**WHAT YOU ARE ASKED TO DO**
The answer must give back every line of the data exactly, with no pictures.

**DATA BELOW**

------------------------------------------------------------

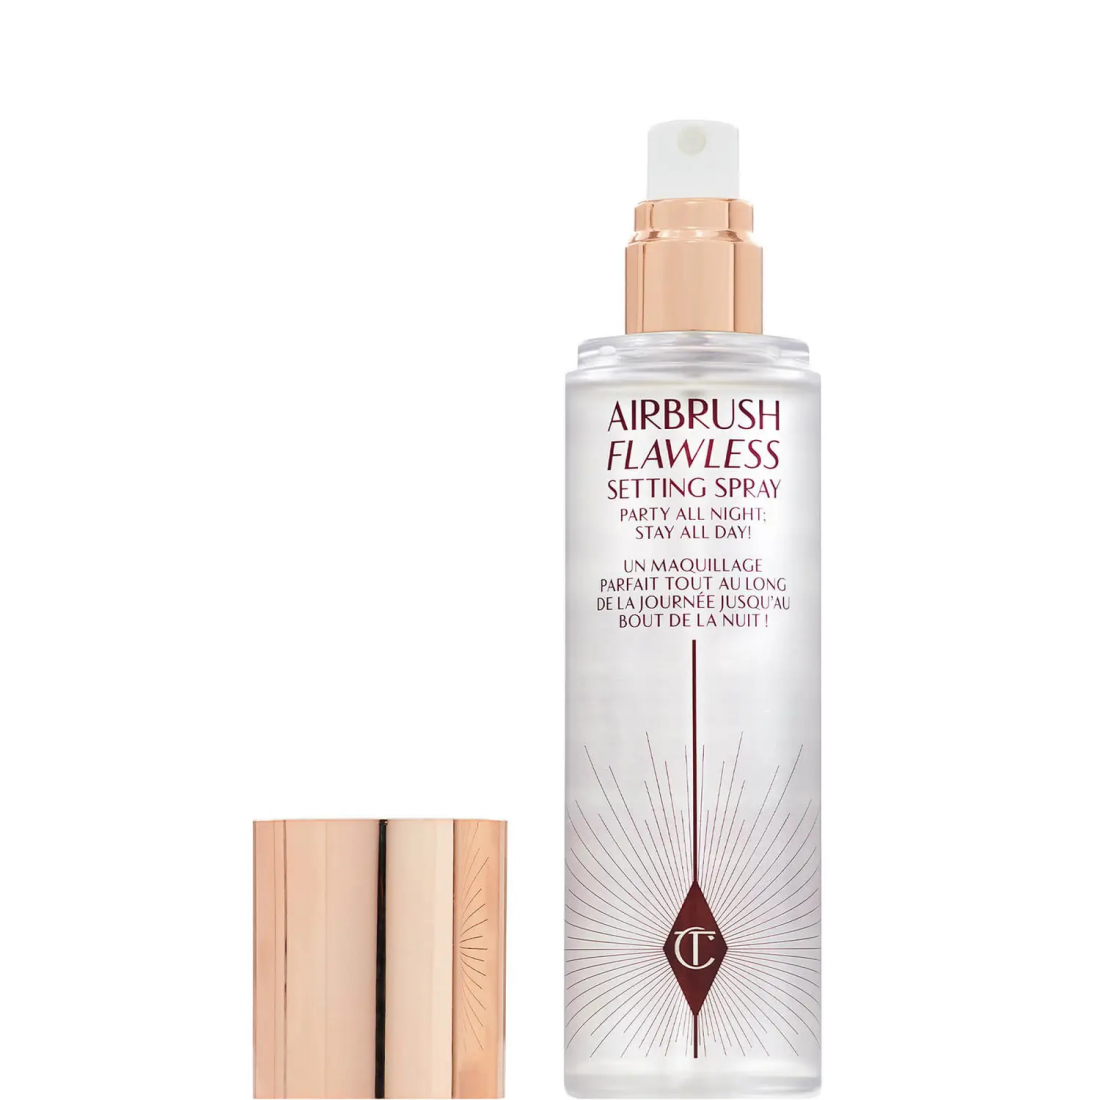 'Airbrush Flawless Stay All Day Setting' Spray - 100 ml
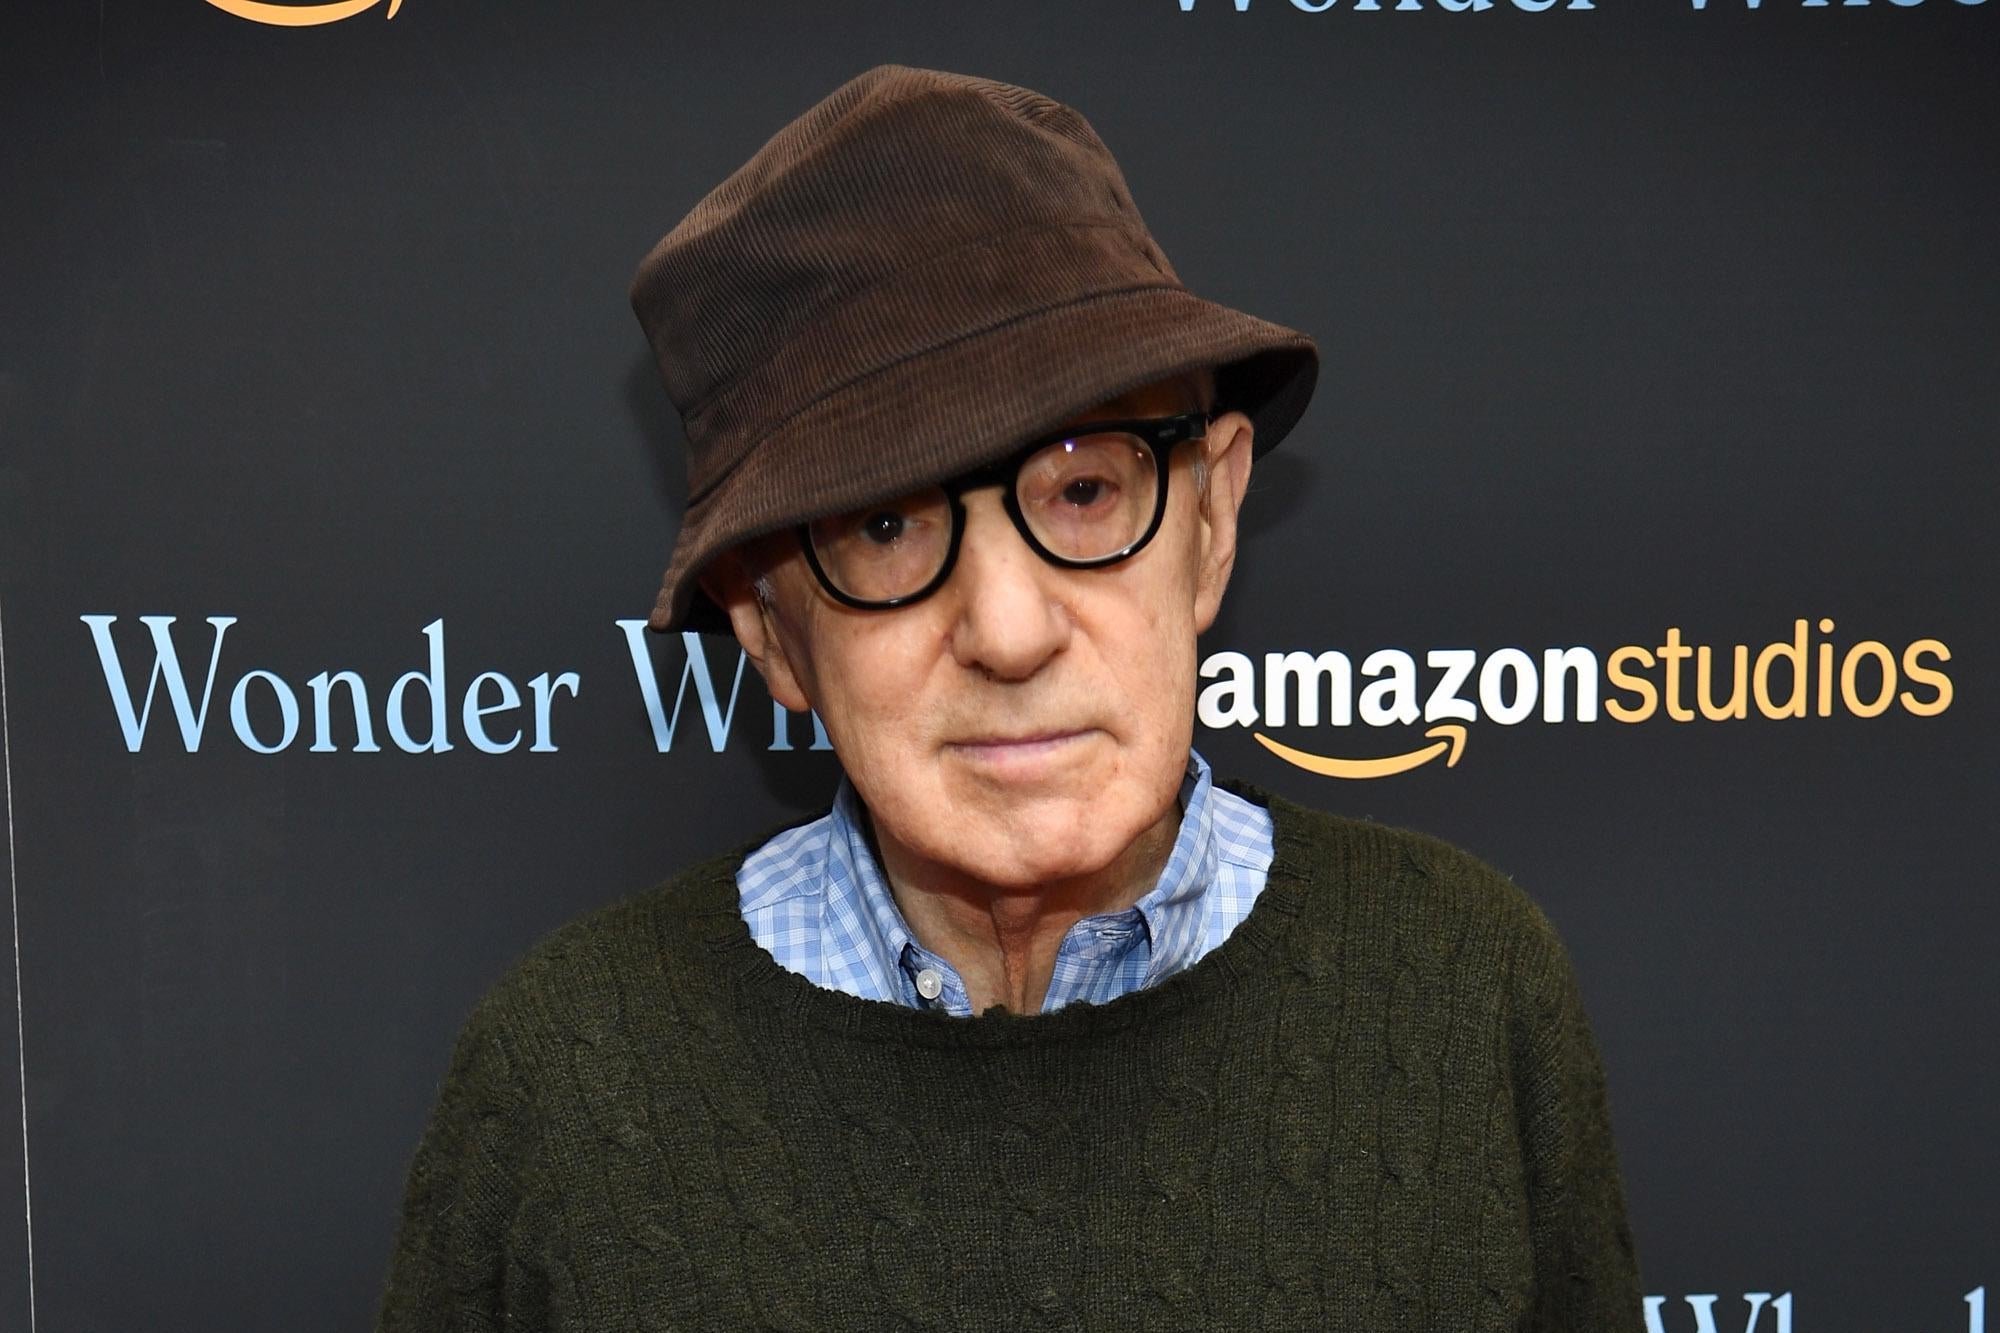 Woody Allen wears a brown bucket hat and black glasses as he poses in front of a backdrop the says "Wonder Wheel" and "Amazon Studios."
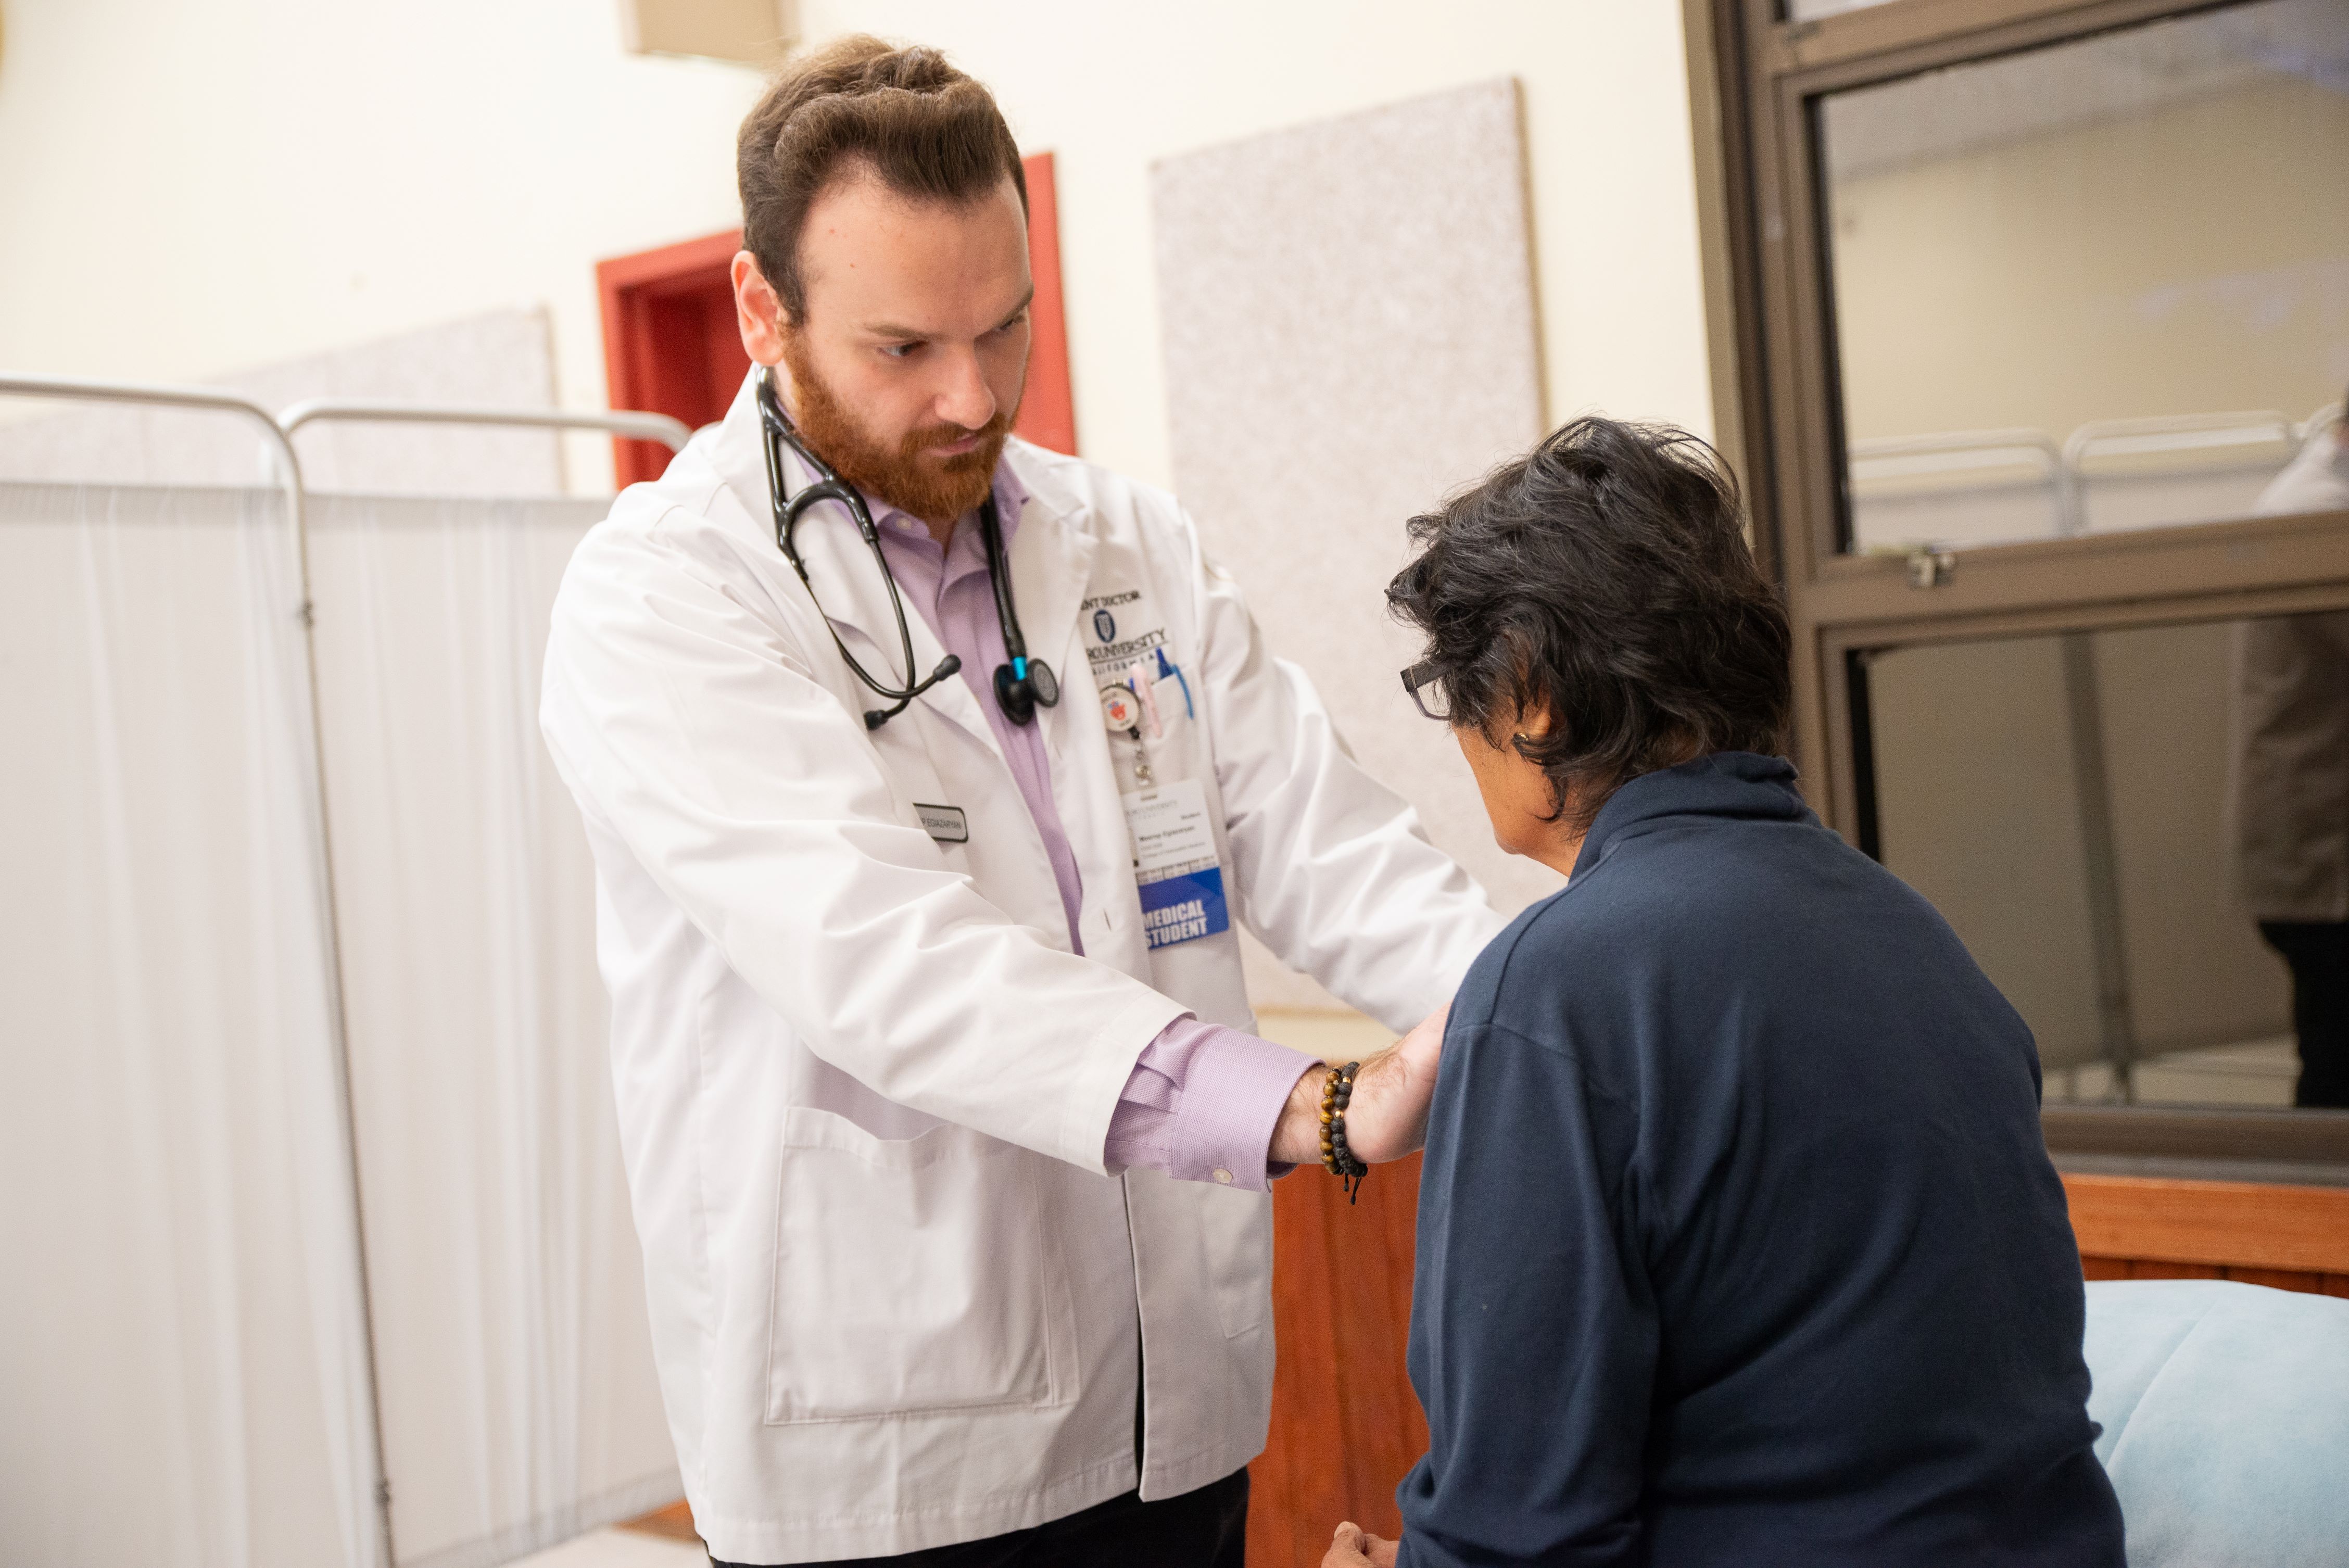 Student clinician helping a patient with a health screening

------------------------------------------------------------

**RESPONSE FOR THIS EXERCISE**
 'Airbrush Flawless Stay All Day Setting' Spray - 100 ml
 Woody Allen wears a brown bucket hat and black glasses as he poses in front of a backdrop the says "Wonder Wheel" and "Amazon Studios."
 Student clinician helping a patient with a health screening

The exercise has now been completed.